Skills are the complete practice of knowledge externalization:
Before (Knowledge Internalized):
- Knowledge locked in model parameters
- Modification requires training (LoRA, full fine-tuning)
- Users cannot access or understand
- Cost: $10K-$1M+, Timeline: Weeks
Now (Knowledge Externalized):
- Knowledge stored in SKILL.md files
- Modification is just editing text
- Human-readable, auditable
- Cost: Free, Timeline: Instant
Skills acknowledge that domain knowledge is itself a resource that needs explicit management.

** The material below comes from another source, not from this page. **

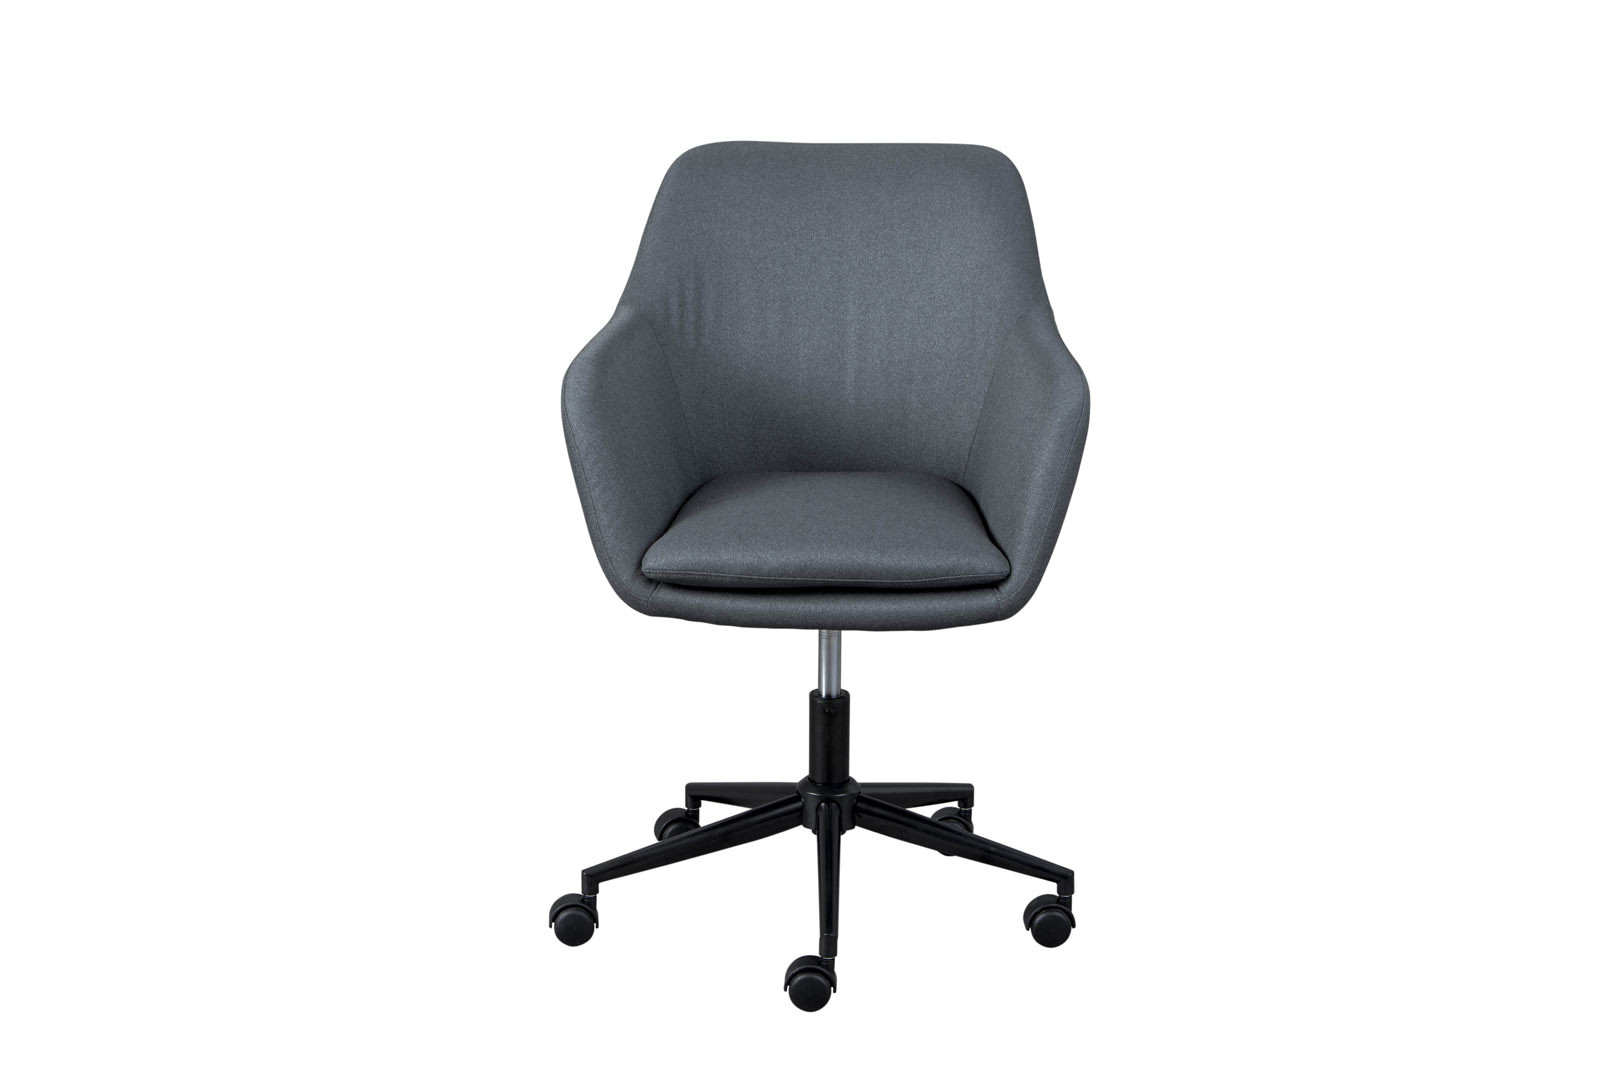 Chaise de bureau contemporaine en tissu Touraine

- Separate metadata from content: Description is index, body is content
- Load on demand: Context window is precious cognitive resource
- Standardized format: Write once, use in any compatible agent
- Inject, don't return: Skills change cognition, not just provide data
- Online learning: Learn instantly in larger context windows, no offline training needed
The essence of knowledge externalization is turning implicit knowledge into explicit documents:
- Developers "teach" models new skills in natural language
- Git manages and shares knowledge
- Version control, auditing, rollback
This is a paradigm shift from "training AI" to "educating AI".
Series Summary
| Version | Theme | Lines Added | Key Insight |
|---|---|---|---|
| v1 | Model as Agent | ~200 | Model is 80%, code is just the loop |
| v2 | Structured Planning | ~100 | Todo makes plans visible |
| v3 | Divide and Conquer | ~150 | Subagents isolate context |
| v4 | Domain Expert | ~100 | Skills inject expertise |
Tools let models act. Skills let models know how.